### [WORK TO COMPLETE]
When the line containing "Shimano WH-RS81-C50-CL Wheel" appears in the entries below, begin printing there and stop after the line containing "The Snuggle is"; print each of those lines exactly and no other line.

### [DATA EXCERPTS]
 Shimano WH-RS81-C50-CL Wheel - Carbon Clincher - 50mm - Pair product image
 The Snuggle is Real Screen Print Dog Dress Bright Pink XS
--
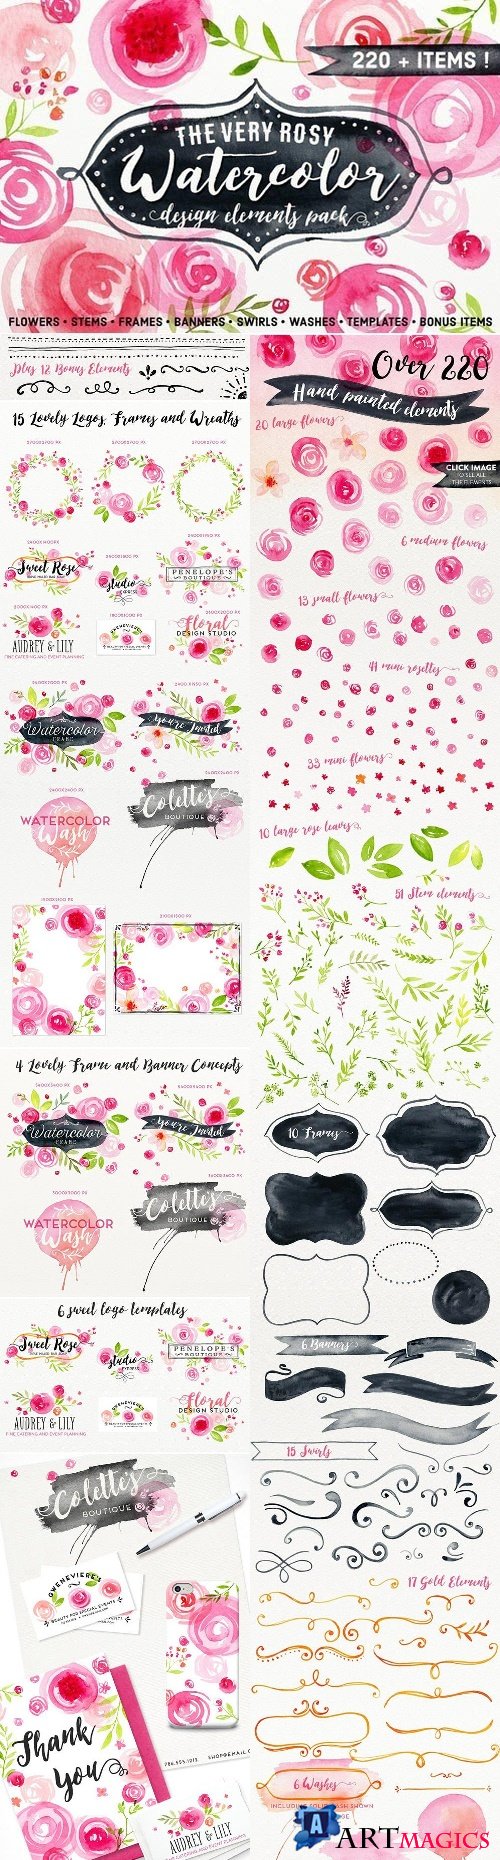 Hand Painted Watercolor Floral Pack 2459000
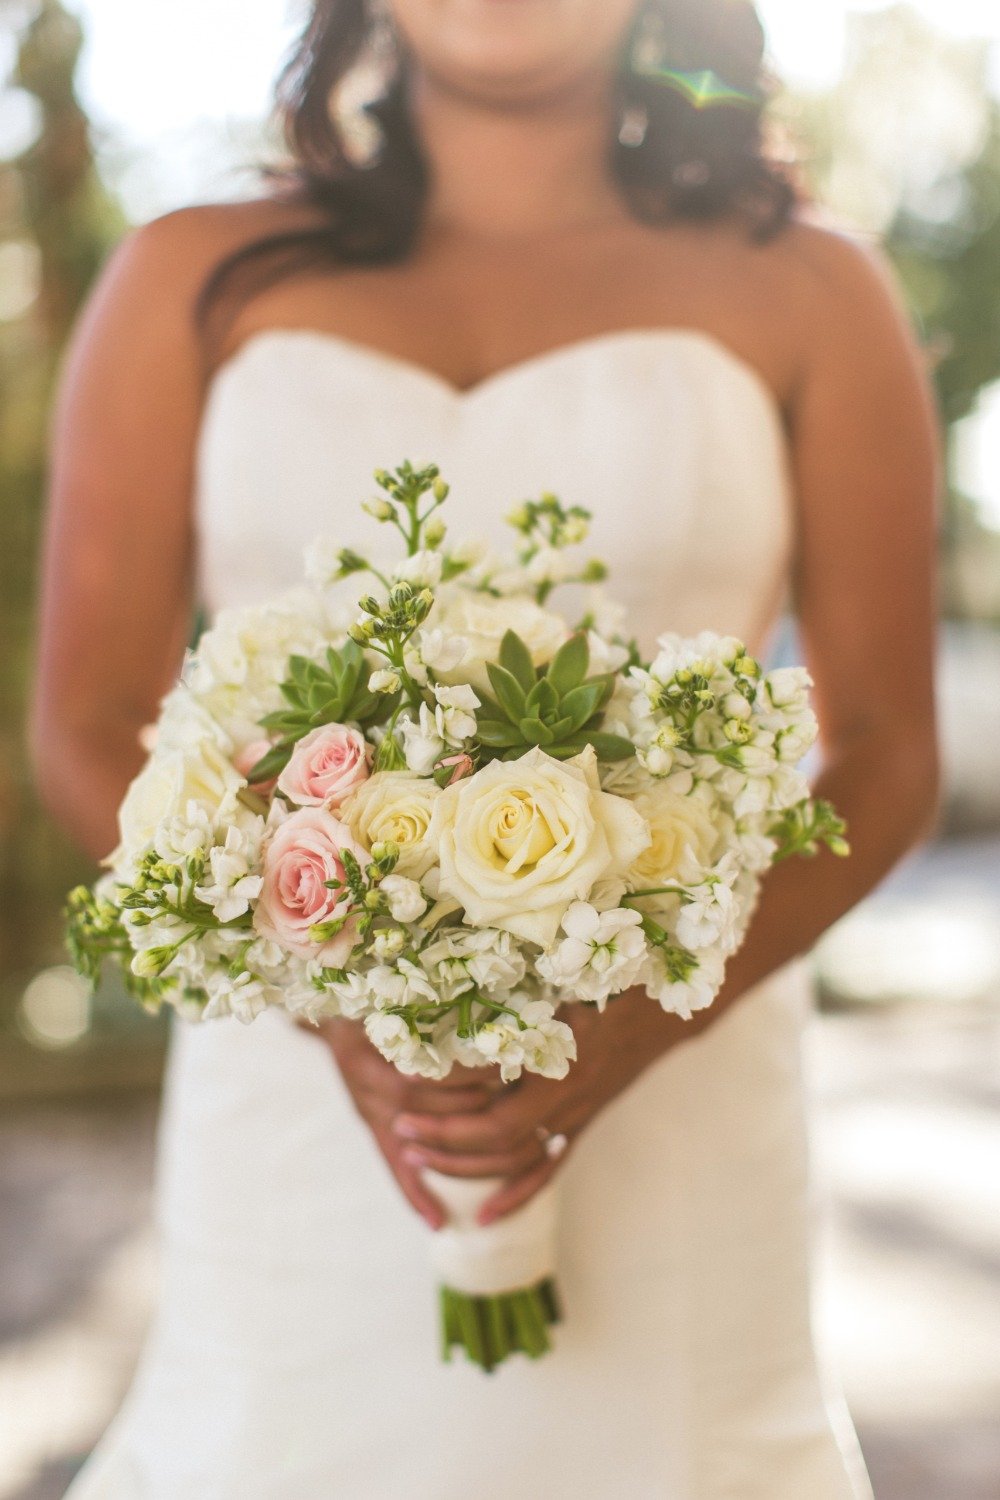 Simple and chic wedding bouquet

### [ANSWER BELOW]
 Shimano WH-RS81-C50-CL Wheel - Carbon Clincher - 50mm - Pair product image
 The Snuggle is Real Screen Print Dog Dress Bright Pink XS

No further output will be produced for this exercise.